Weitere Konkretisierungen diesbezüglich enthalten die DGUV Regel 100-001 sowie die Publikation Fachbereich AKTUELL (FBFHB-003) „Anwendbarkeit der DGUV Vorschrift 49 „Feuerwehren“ auf Feuerwehren mit hauptamtlichen Einsatzkräften“ des Sachgebiets Feuerwehren und Hilfeleistungsorganisationen der DGUV.


Weitere Hinweise zum Expositionsverzeichnis enthält die DGUV Information 205-035.


Die Arbeitshilfe KoAtEx-Dok ist eine Möglichkeit, die für den Fall einer Gefährdung gegenüber krebserzeugenden Gefahrstoffen im Einsatzdienst von Feuerwehren bzw. Hilfeleistungsorganisationen, falls dort vergleichbare Tätigkeiten durchgeführt werden, notwendigen Angaben für das Expositionsverzeichnis gemeinsam mit dem Atemschutznachweis zu erfassen. Die Angaben für das Expositionsverzeichnis können z. B. in die Zentrale Expositionsdatenbank der DGUV (ZED) übertragen werden.

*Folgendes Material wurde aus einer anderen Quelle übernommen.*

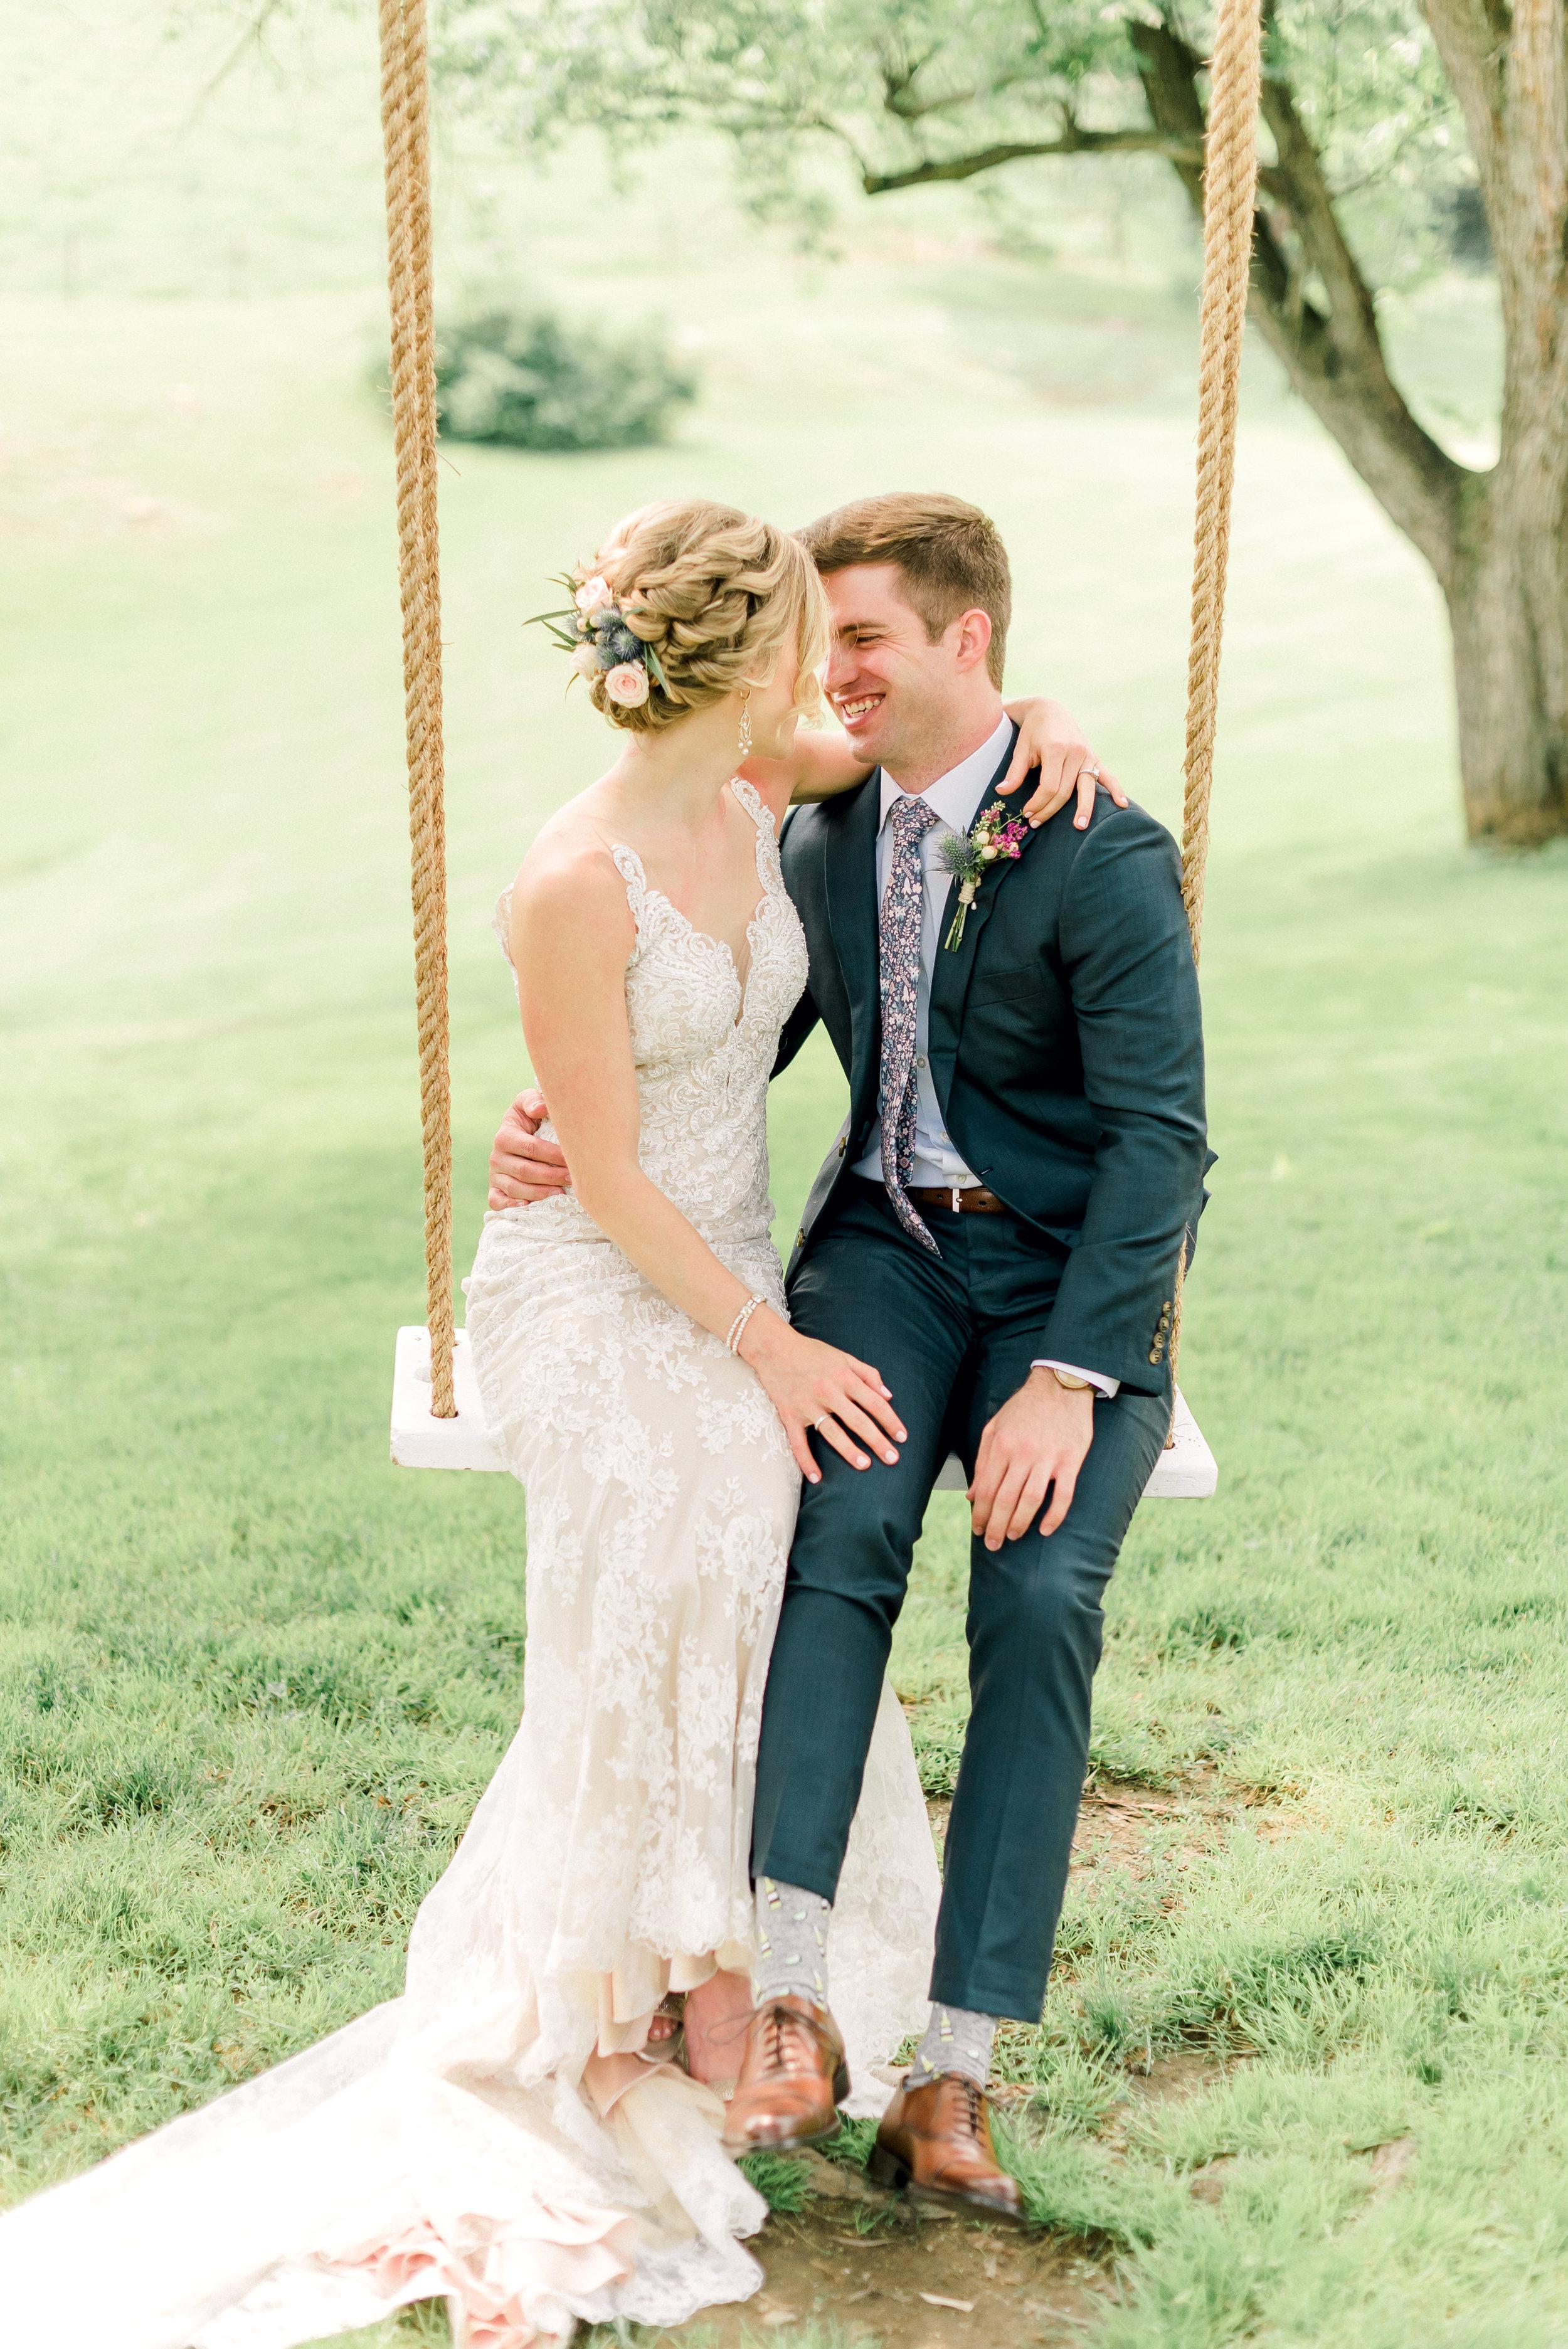 pittsburgh-wedding-photographer-shady-elms-farm-0020.jpg

Erfolgt diese Erfassung, Dokumentation und Aufbewahrung bei Ihnen bereits in gleichwertiger Art und Weise, erübrigt sich die Nutzung dieser Arbeitshilfe.

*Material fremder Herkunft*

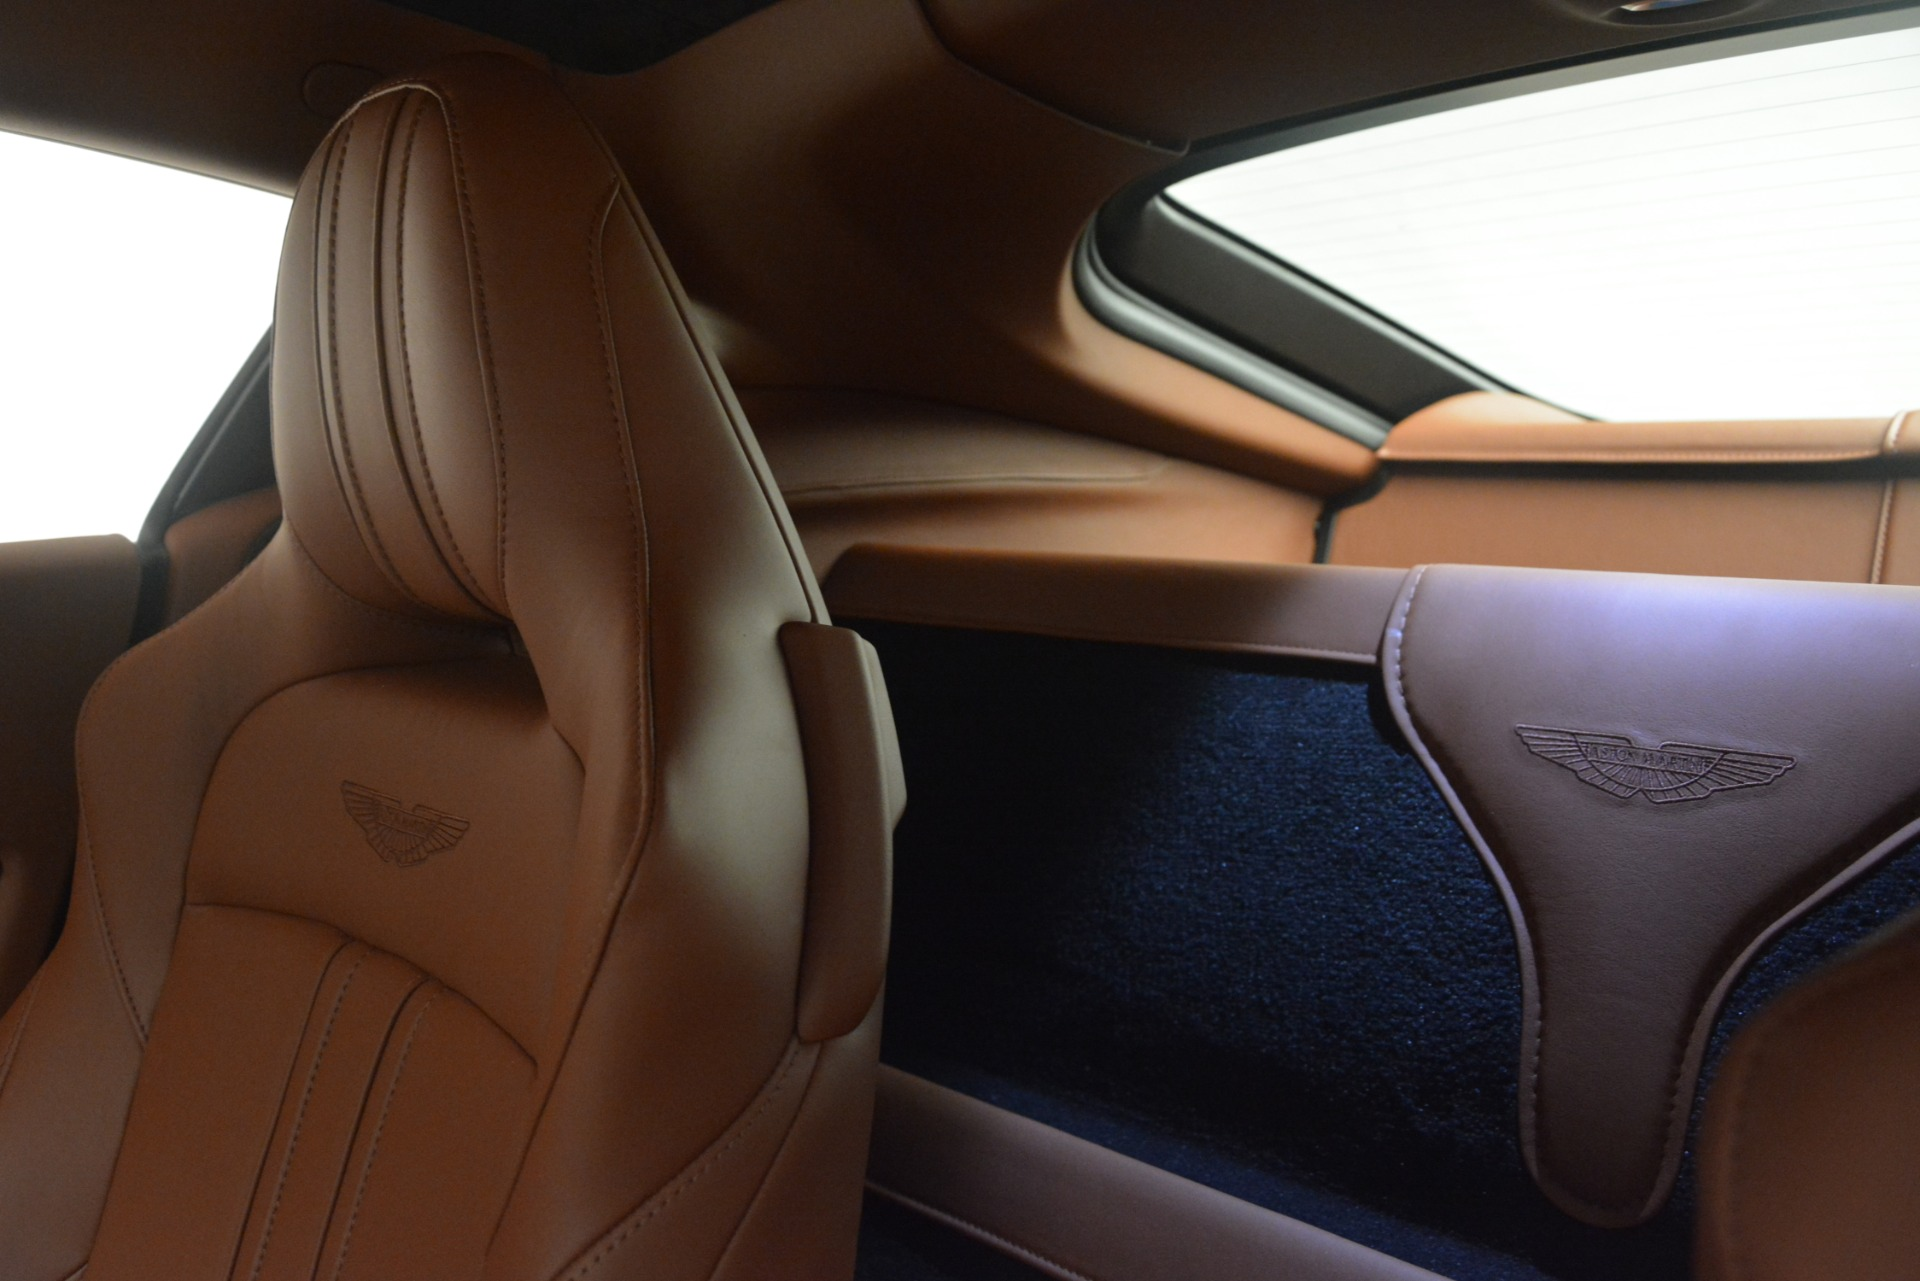 New 2019 Aston Martin Vantage Coupe For Sale In Greenwich, CT. Alfa Romeo of Greenwich, A1373 3227_p17

Die Arbeitshilfe zur Kombinierte Atemschutz- und Expositionsdokumentation (KoAtEx-Dok) enthält Beispiele für keine bzw. höchstens geringe Gefährdung (gegenüber krebserzeugenden, keimzellmutagenen oder reproduktionstoxischen Stoffen der Kat 1A/1B), sodann keine Aufnahme in das Expositionsverzeichnis erforderlich ist.

"Bei einer mehr als geringen Gefährdung gegenüber krebserzeugenden, keimzellmutagenen oder reproduktionstoxischen Stoffen der Kat. 1A/1B muss eine Aufnahme in das Expositionsverzeichnis erfolgen.

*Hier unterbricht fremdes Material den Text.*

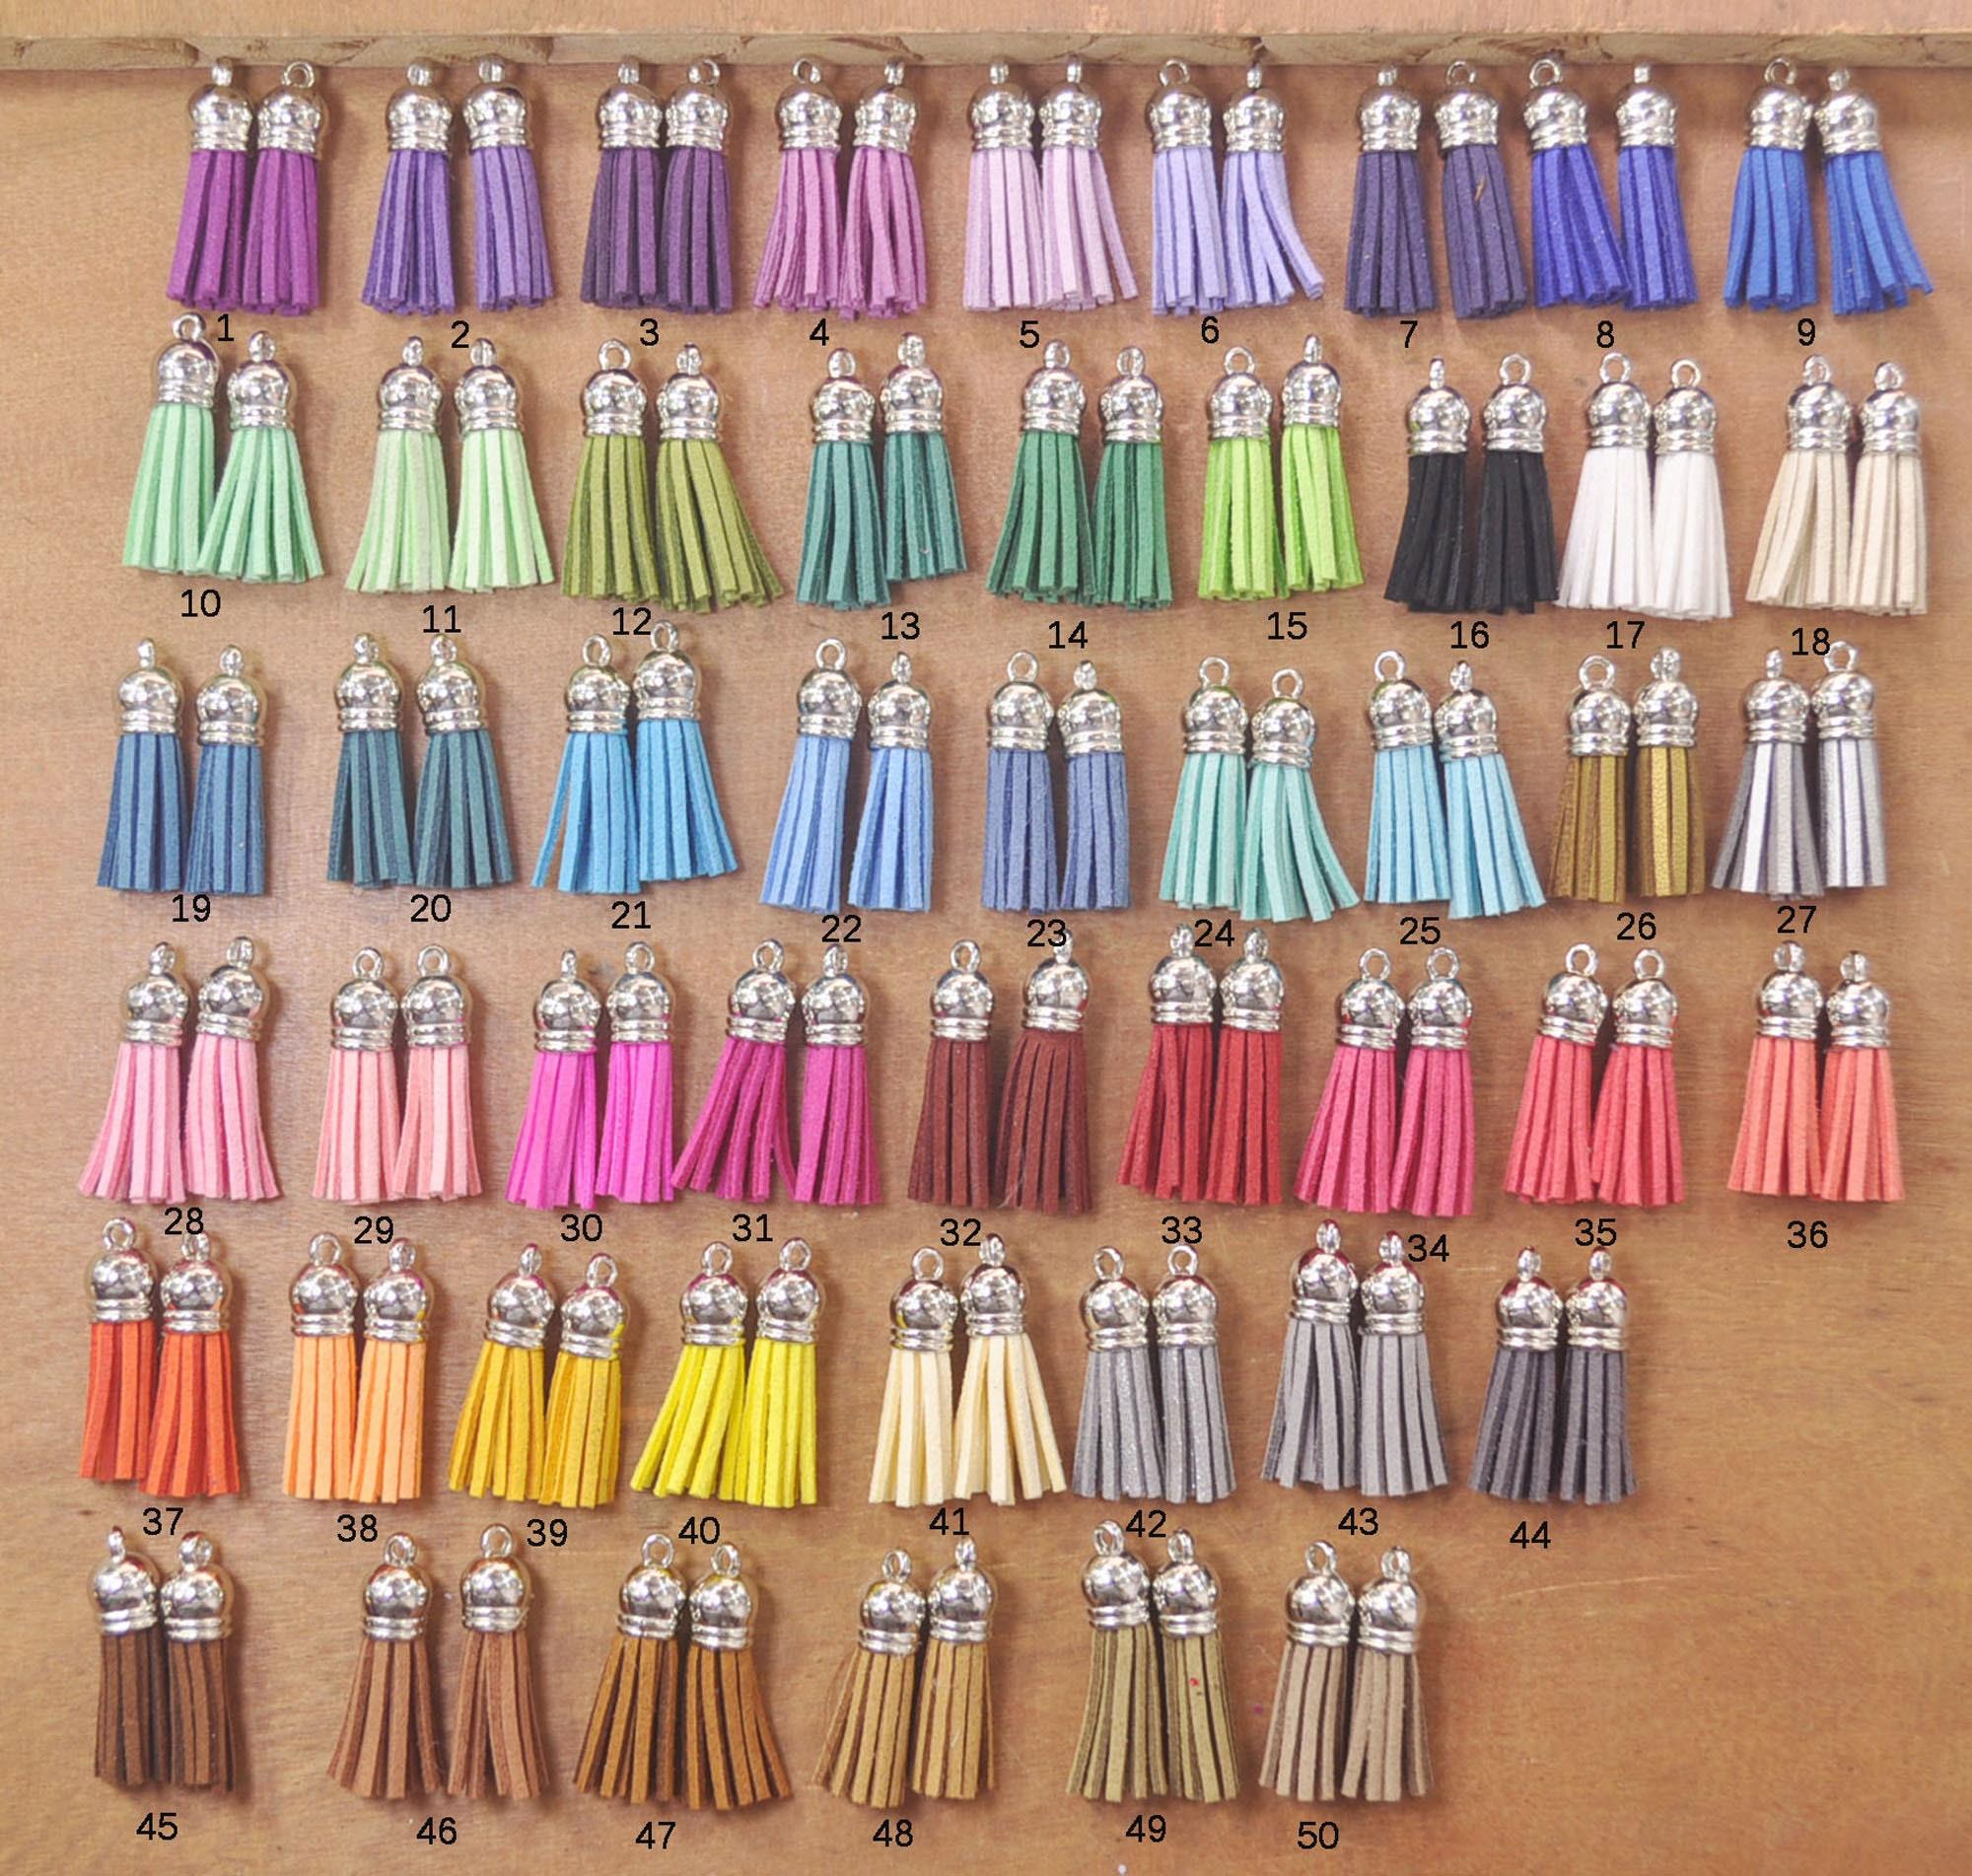 1.5/'/' Jade suede tassels 50 tassles faux leather tassels mini tassels

Davon ist zum Beispiel auszugehen, wenn:

1. Feuerwehrangehörige mit krebserzeugenden, keimzellmutagenen oder reproduktionstoxischen Stoffen in Kontakt (durch Einatmen oder Hautkontakt) gekommen sind, z. B. wenn sie sich

– bei der Brandbekämpfung oder bei Nachlöscharbeiten in geschlossenen Räumen oder im Freien in einer Rauchschicht befunden haben und es dabei zu

– einer sichtbaren Beaufschlagung der persönlichen Schutzausrüstung mit Brandrauch, anderen Verbrennungsprodukten oder -rückständen, wie z. B. Ruß, gekommen ist oder

– in einer Atmosphäre aufgehalten haben, in der lungengängige Fasern wie zum Beispiel Asbest durch mechanische Tätigkeiten freigesetzt wurden oder

2. die Höhe der Exposition mit einem krebserzeugenden, keimzellmutagenen oder reproduktionstoxischen Stoff der Kategorien 1A oder 1B nicht bekannt ist (Brandrauch enthält krebserzeugende Stoffe).


Bei keiner oder höchstens geringer Gefährdung (gegenüber krebserzeugenden, keimzellmutagenen oder reproduktionstoxischen Stoffen der Kat 1A/1B) ist keine Aufnahme in das Expositionsverzeichnis erforderlich.  


Davon ist auszugehen, wenn:

• auf Grund der geringen Menge und

• der kurzen Expositionsdauer sowie

• einer konstant günstigen Windrichtung

nur eine geringe Gefährdung besteht.


Beispiele hierfür können sein:

• kleiner Brand im Freien mit geringer Rauchentwicklung (z. B. kleiner Müllbehälter, Vegetation),

• Restlöscharbeiten oder Belüftungsmaßnamen in geschlossenen Räumen nach kleinen Bränden mit nur geringer Rauchentwicklung."


Es bedarf aber immer einer Einzelfallentscheidung.